[Given data]
+ + + + +

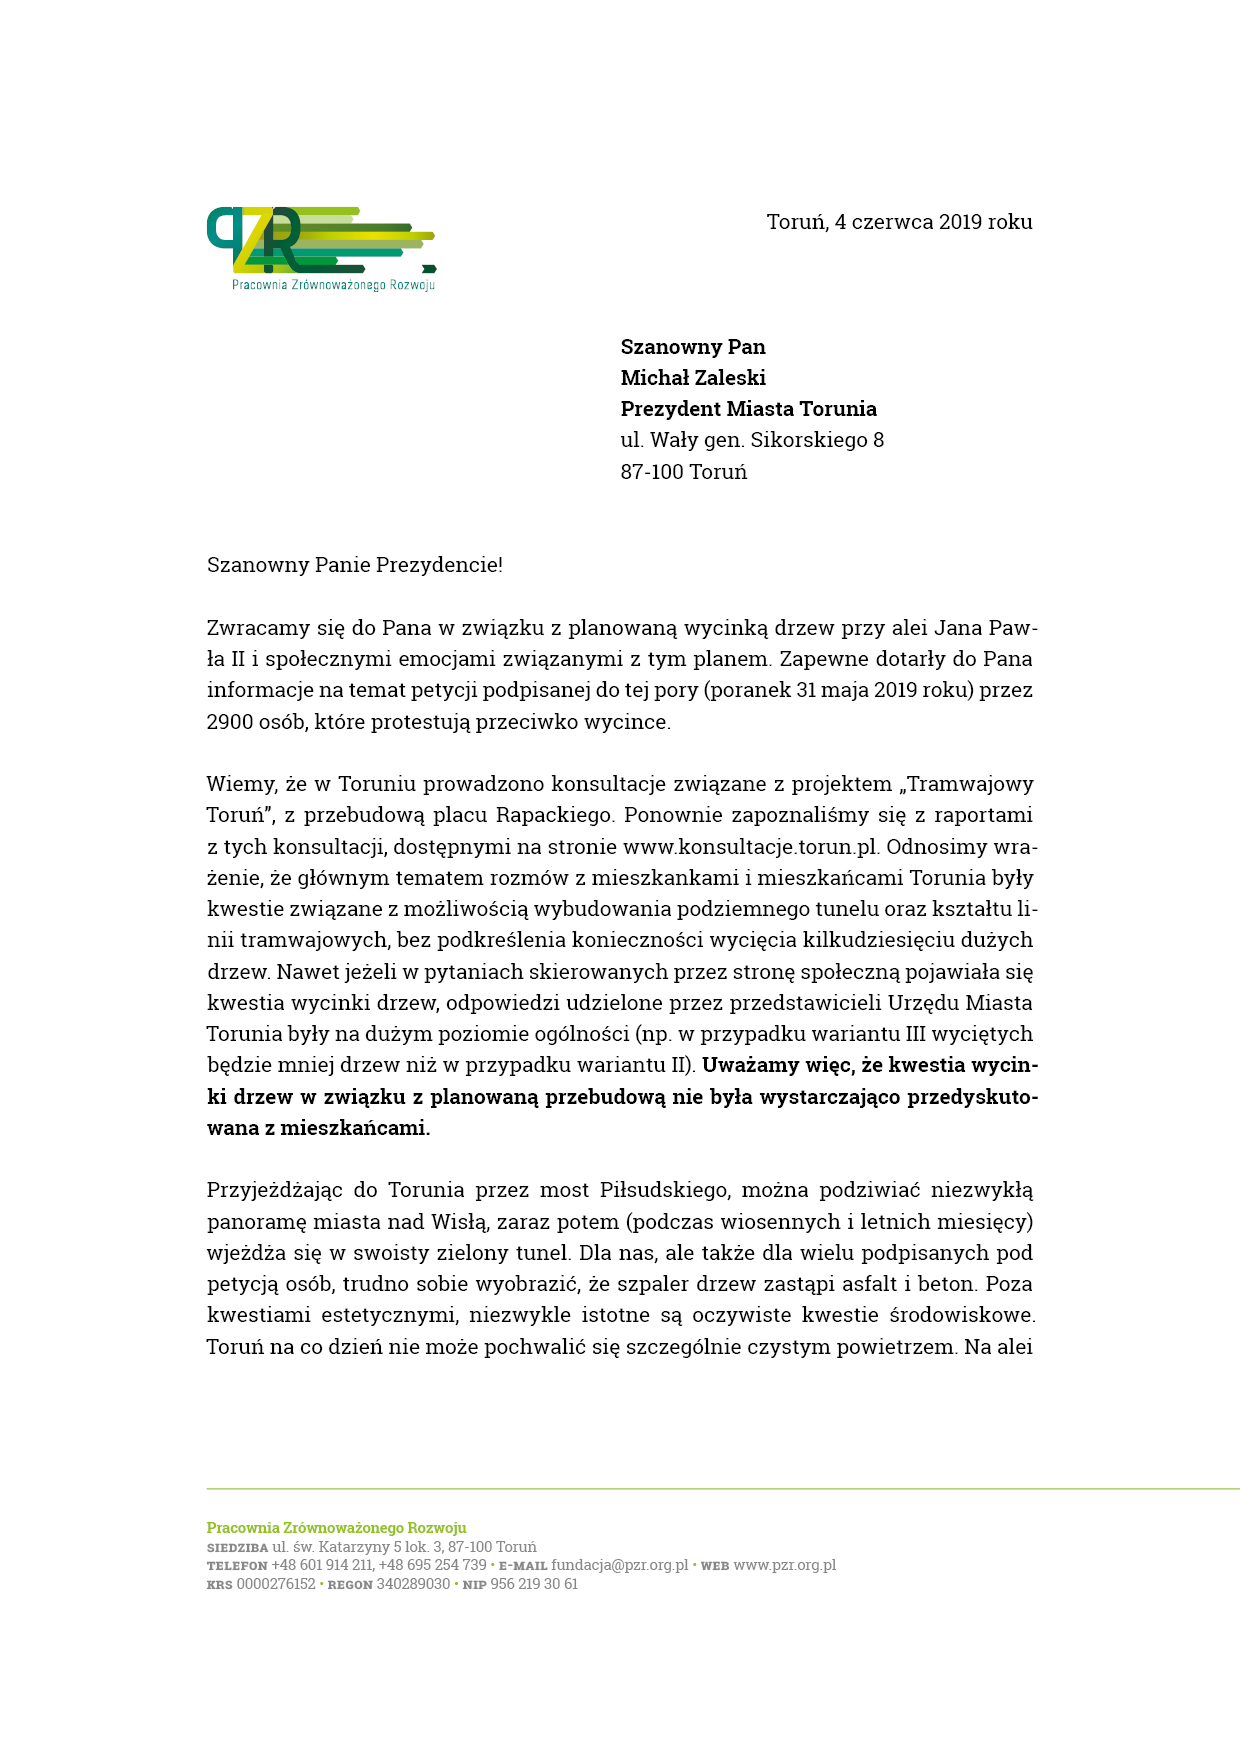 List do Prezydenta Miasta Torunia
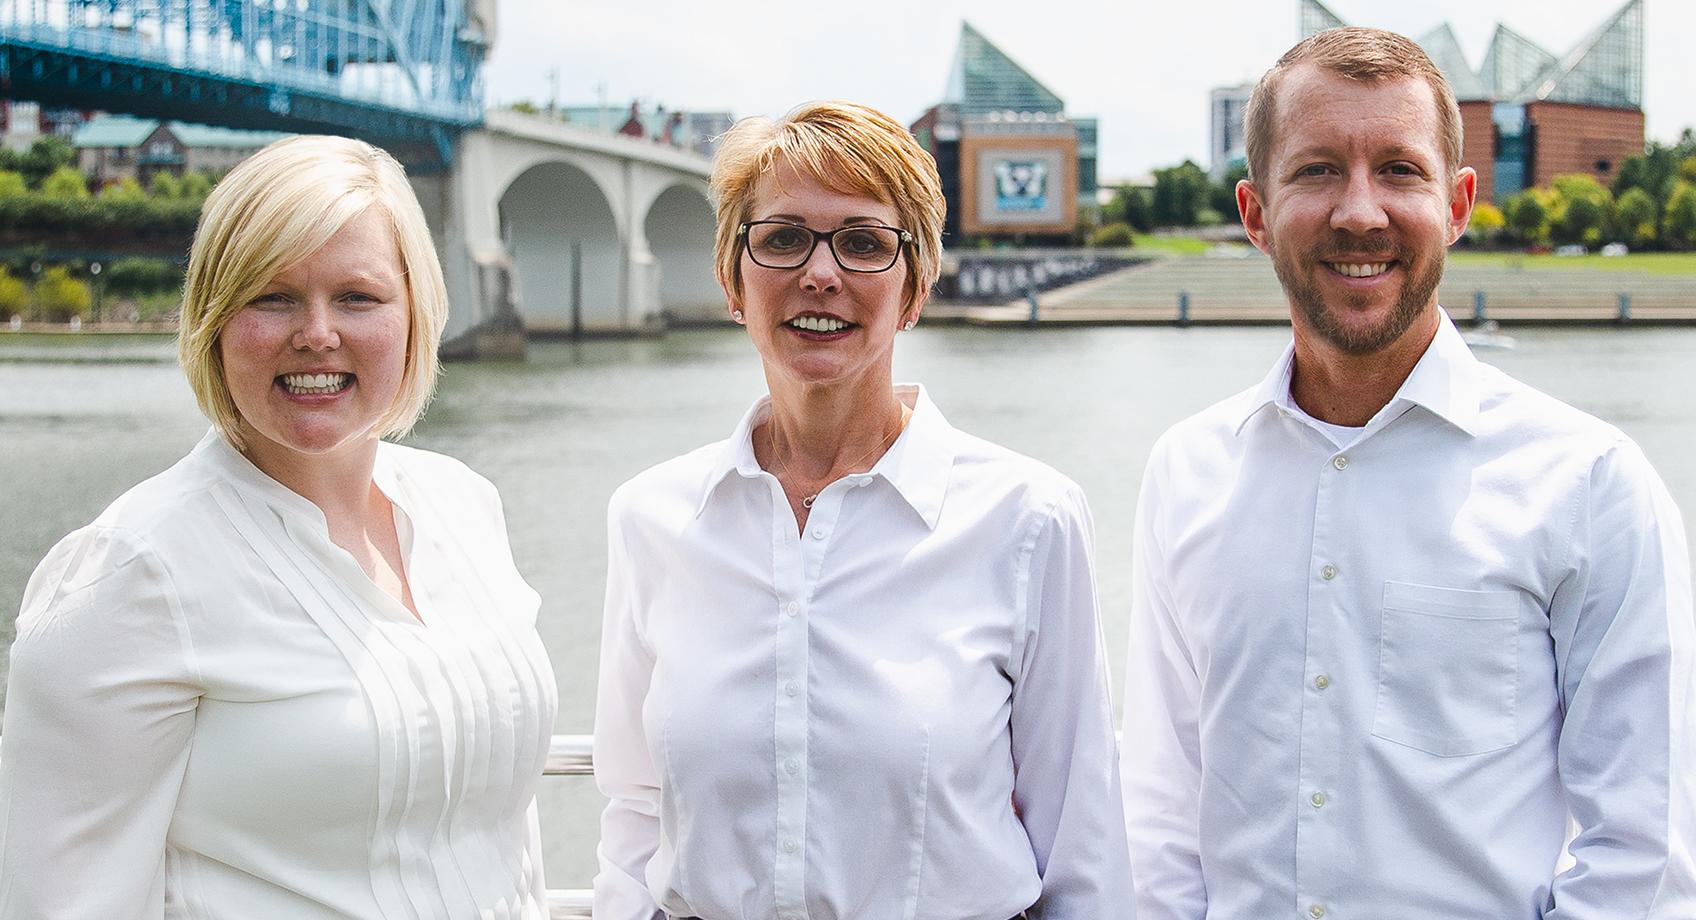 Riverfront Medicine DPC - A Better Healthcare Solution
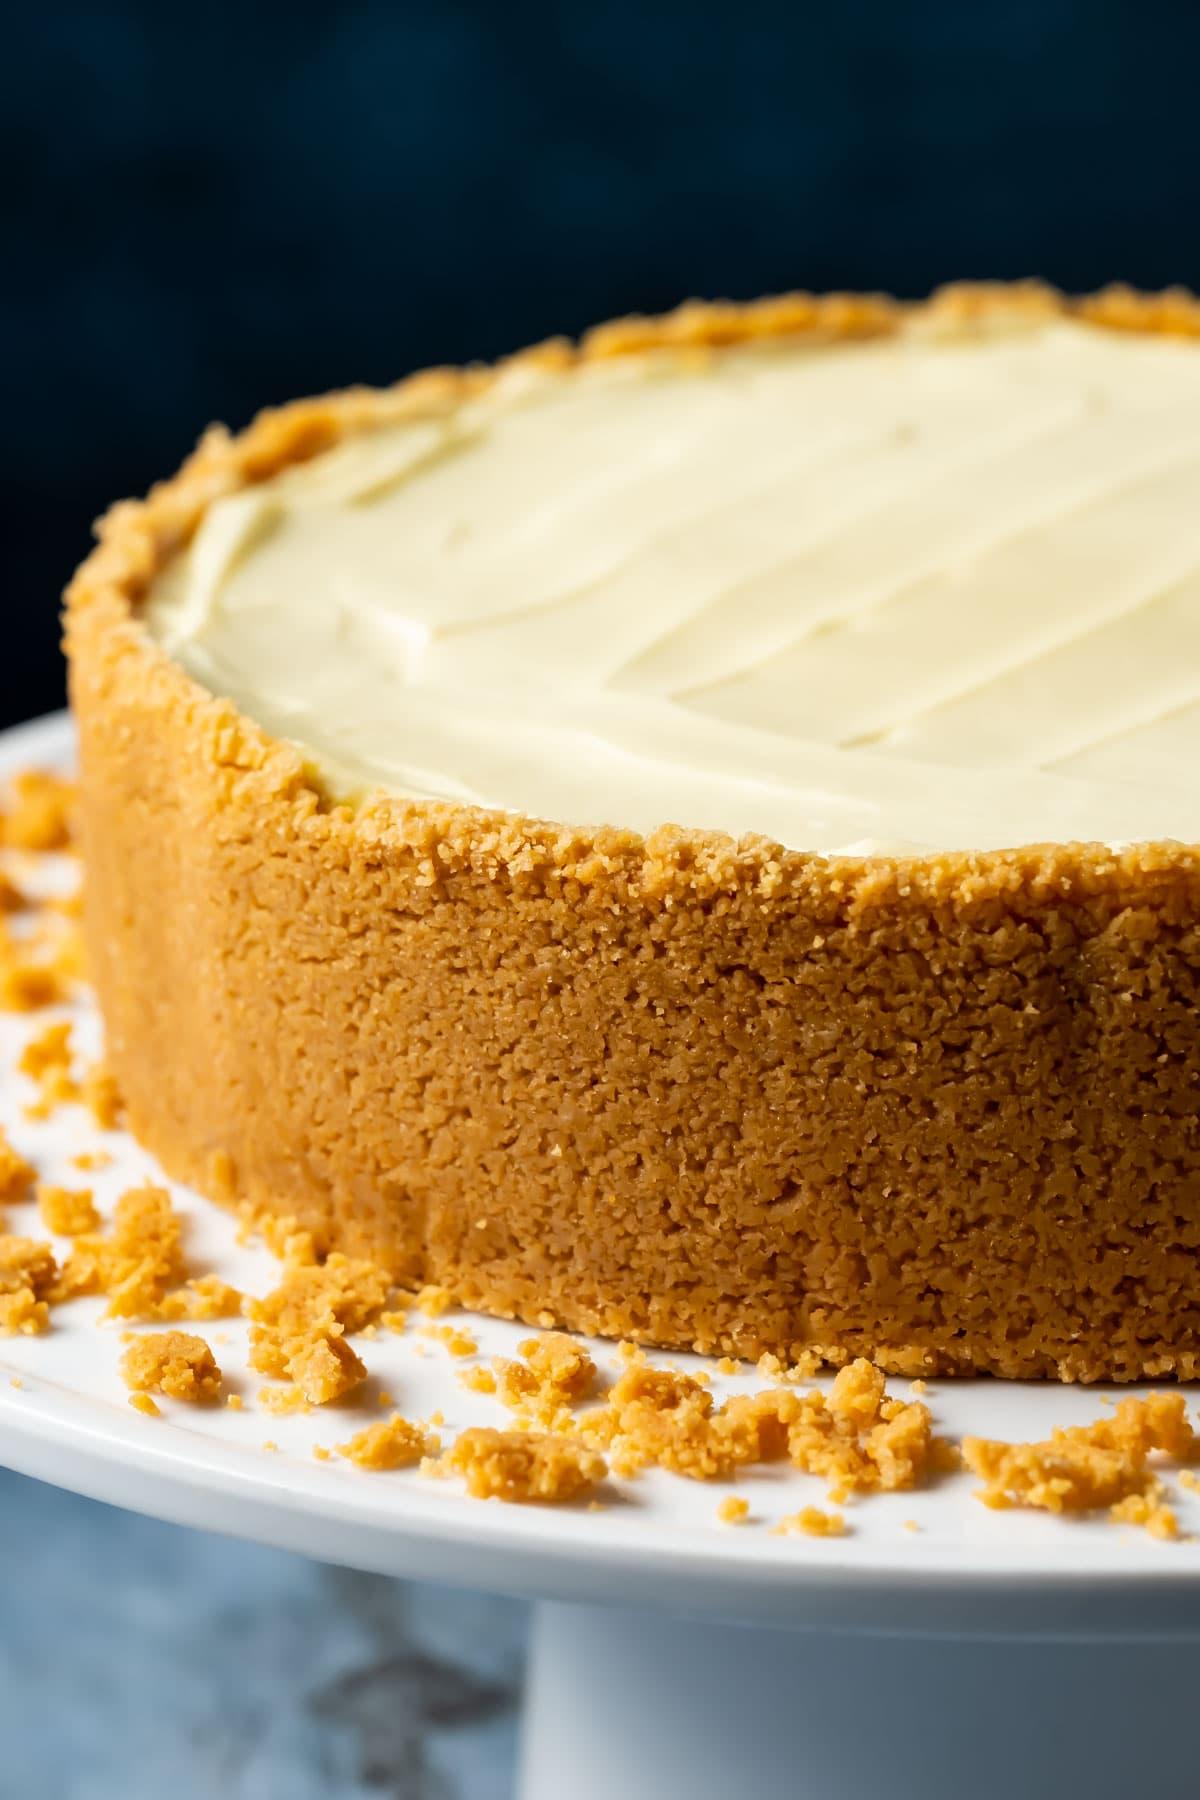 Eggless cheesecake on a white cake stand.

+ + + + +

[How to complete this task] For this exercise, retype the listing above word for word and omit the pictures.

[Your response]
 List do Prezydenta Miasta Torunia
 Riverfront Medicine DPC - A Better Healthcare Solution
 Eggless cheesecake on a white cake stand.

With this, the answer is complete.